Identification of Integrin β1 as a Novel PAG1-Interacting Protein Involved in the Inherent Radioresistance of Human Laryngeal Carcinoma

Inherent radioresistance plays a crucial role in the failure of radiotherapy. Using the inherent radioresistant (Hep-2max) and radiosensitive (Hep-2min) cell lines established from the parental cell line Hep-2, we previously reported that phosphoprotein associated with glycosphingolipid-enriched microdomains 1 (PAG1) overexpression in laryngeal carcinoma cells was correlated with inherent radioresistant phenotypes.

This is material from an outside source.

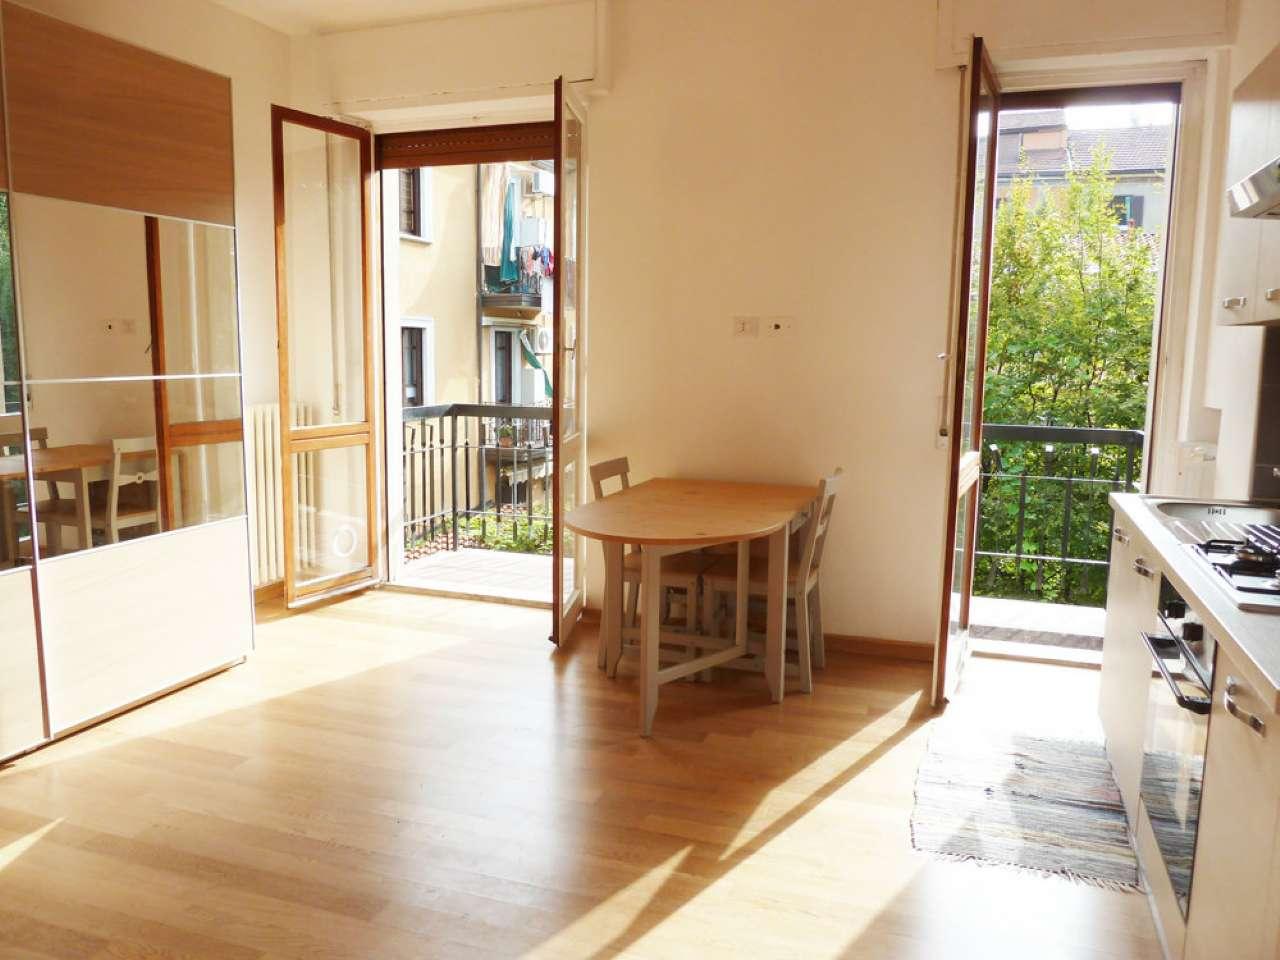 Appartamento in affitto a Milano, 1 locali, zona Zona: 5 . Citta' Studi, Lambrate, Udine, Loreto, Piola, Ortica, prezzo € 604 | CambioCasa.it

However, the underlying mechanisms of this effect remain unknown. In the present study, we performed a proteomic screen to investigate the interactome of PAG1 in Hep-2max cells resulting in the identification of several interaction partners. Bioinformatic analysis and immunofluorescence experiments indicated the integrin beta 1 to be a crucial interaction partner of PAG1. PAG1 was also highly expressed in laryngeal carcinoma radioresistant tissues and showed co-localization with integrin beta 1. In addition, we demonstrated that integrin beta 1's binding to PAG1 could be interrupted by MBCD, an inhibitor of lipid rafts formation. Moreover, knockdown of integrin beta 1 by RNA interference sensitized radioresistant cells to irradiation. Importantly, we identified 2 potential interaction sites (Pro(216)-Arg(232) and Asn(356) -Gly(337)) in the cytoplasmic domain of PAG1 using high throughput peptide arrays. Taken together, these results suggest that the binding of PAG1 to integrin beta 1 in lipid rafts is essential for inherent radioresistance of human laryngeal carcinoma.